- Born: March 27, 1953 (age 73) Oslo, Norway
- Height: 5 ft 10 in (178 cm)
- Weight: 170 lb (77 kg; 12 st 2 lb)
- Position: Goalie
- GET-ligaen team: Manglerud Star Ishockey
- National team: Norway

= Jørn Goldstein =

Norwegian Olympic ice hockey player (born 1953)

Jørn Irving Goldstein (born March 27, 1953) is a Norwegian Olympic ice hockey player.

==Biography==
Goldstein was born in Oslo, Norway, and is Jewish. His mother's family, surname Schapow, immigrated to Norway from Lithuania in the early 1900s. His father, Otto Goldstein, arrived in 1947 from Germany, a Holocaust survivor who survived and was liberated in World War II from Nazi Germany's concentration camps. The family eventually moved to Ila, Trondheim.

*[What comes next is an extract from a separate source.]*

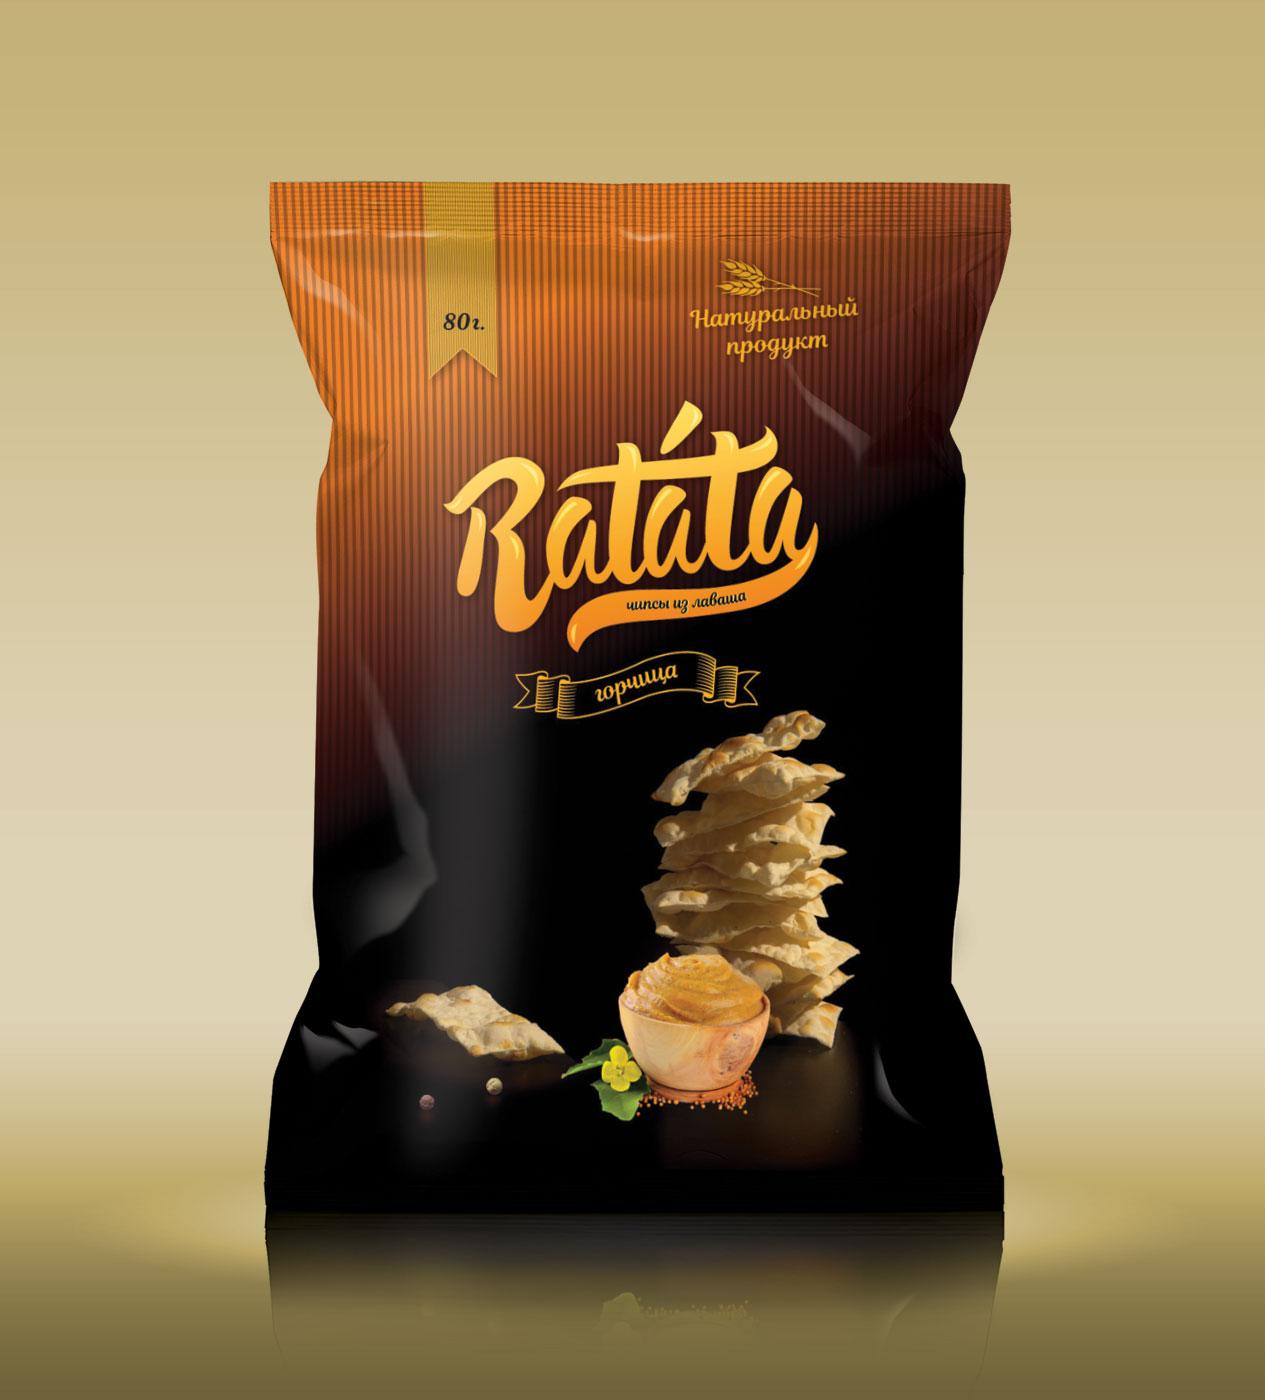 Emballage design til chips Ratatouille sennep
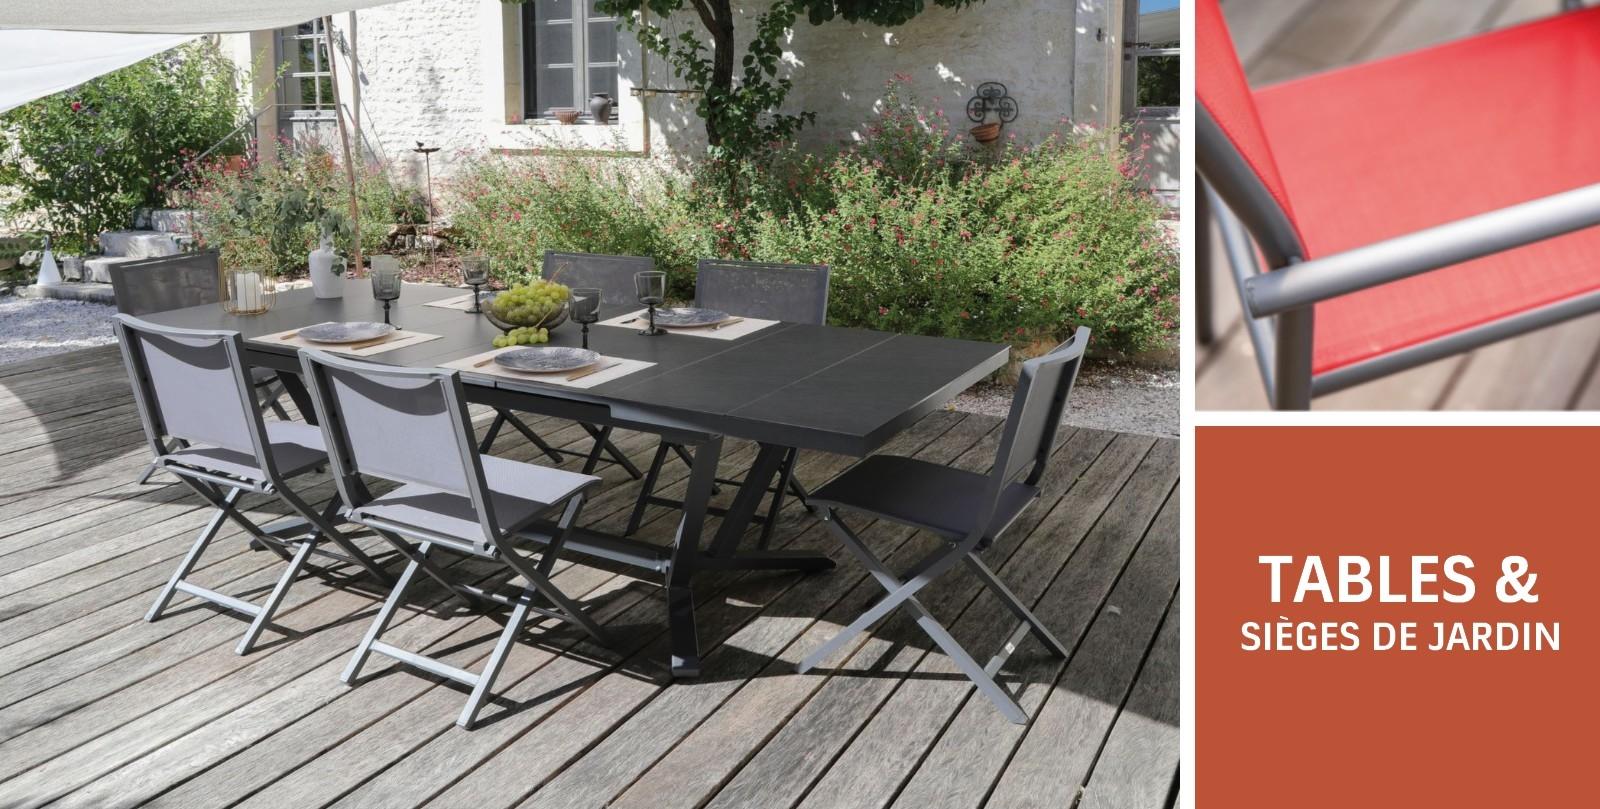 TABLES & sièges DE JARDIN

As an 18-year old Goldstein joined Manglerud Star Ishockey, and became the team's goalkeeper. Goldstein played for the Norwegian national ice hockey team, and participated at the Winter Olympics in 1984. He was awarded Gullpucken as best Norwegian ice hockey player in 1977.

In 1983, the Norwegian director Oddvar Bull Tuhus made the movie Hockeyfeber (Hockey Fever), in which Goldstein has a central role.